La cathédrale est curieuse par son ancienneté. On y voit le fauteuil du couronnement des empereurs et un beau Christ en ivoire, d’Alb. Dürer. L’hôtel de ville, où se tenaient les assemblées pour les élections d’empereurs, et la grande salle où sont les portraits en pied de 52 ou 53 empereurs, offrent d’intéressants souvenirs historiques. Je me suis promené dans les nouvelles promenades, sur les bords du Main, et comme c’était le dimanche, il y avait beaucoup de monde, et concert. C’était un joli coup d’œil: une foule de constructions nouvelles embellissent la ville, qui est certainement la plus importante de toutes celles que j’ai visitées. Il y a un riche musée de tableaux. J’étais, le soir de ce même jour, à Mannheim, singulière ville, par sa construction trop régulière, qui lui donne l’aspect d’un damier. Toutes les rues, en effet, y sont tirées au cordeau, et se coupent à angles droits. C’est une ville peu animée, mais qui a un certain air d’aisance. On y voit un ancien palais, qui, par ses immenses dimensions, rappellerait un peu Versailles, comme les jardins de Schwetzingen, situés à 2 lieues de là, et que j’ai visités ce même jour, en me rendant à H, rappellent un peu le parc de Versailles, par les belles plantations, les pièces d’eau, et les constructions, un peu analogues au petit Trianon.
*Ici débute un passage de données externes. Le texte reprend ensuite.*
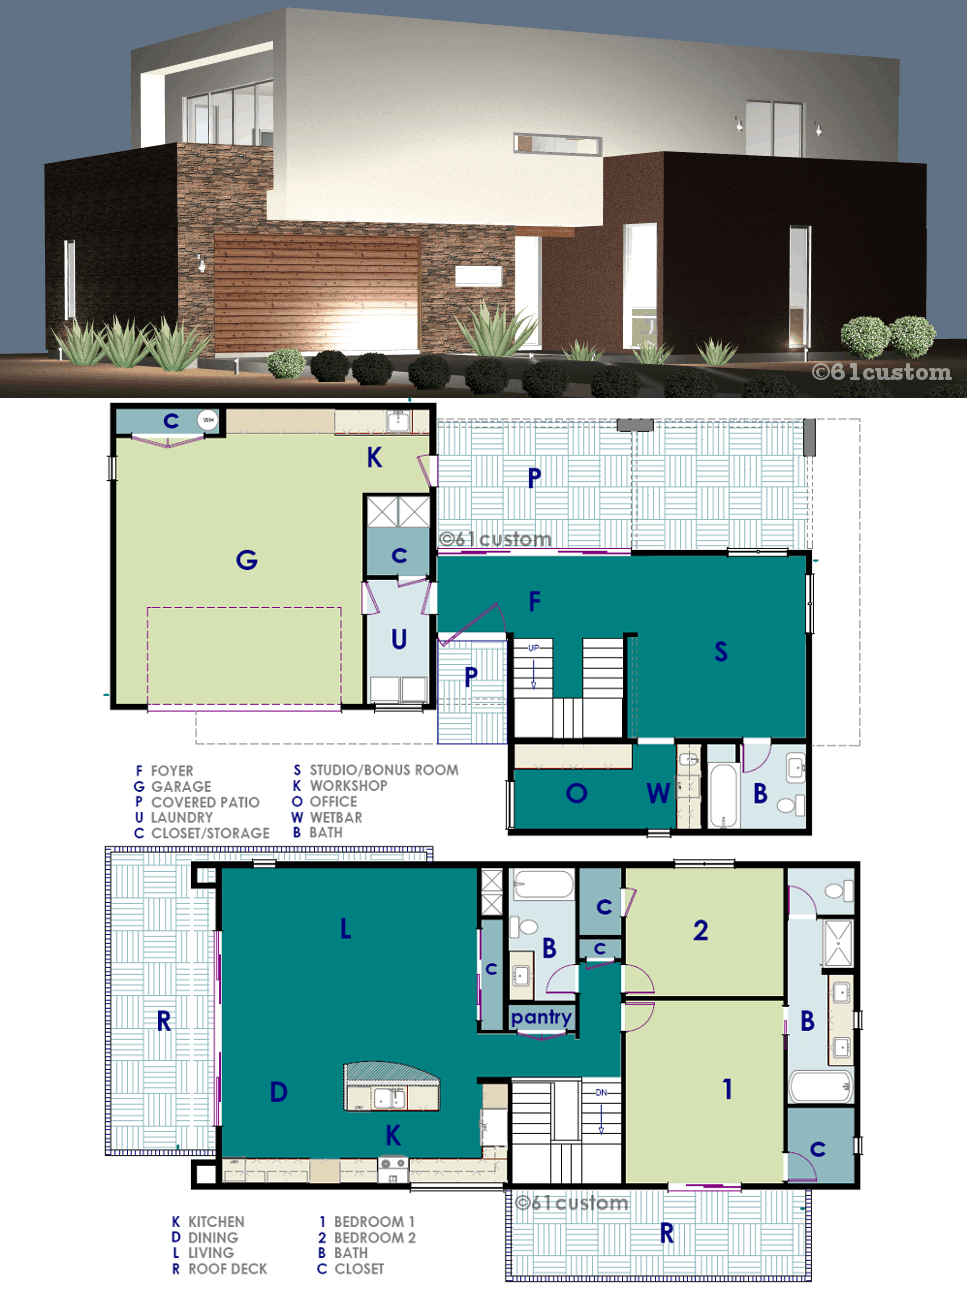 2073sqft Ultra Modern House Plan Allows Clients To Enter

C’est un magnifique jardin, que j’aurais regretté de ne pas visiter. Les moyens de communication sont si rapides, avec les chemins de fer, si bien organisés dans ce pays, qu’après avoir vu à Mannheim tout ce qu’il y a de curieux, ce qui n’est pas long, car, après le nouveau pont suspendu, 2 ou 3 belles fontaines, qui n’ont pas même les tuyaux destinés à y amener l’eau, l’habitation de la grande duchesse douairière de Baden-Baden, Stéphanie Beauharnais; la collection de tableaux, la belle promenade sur le Rhin, le nouveau bâtiment des douanes, et l’aspect particulier de la ville, on n’a plus rien à visiter, et qu’après avoir parcouru le parc de Schwetzingen, je suis arrivé à Heidelberg ce même jour, assez tôt pour visiter, avant la nuit, les ruines de l’ancien château.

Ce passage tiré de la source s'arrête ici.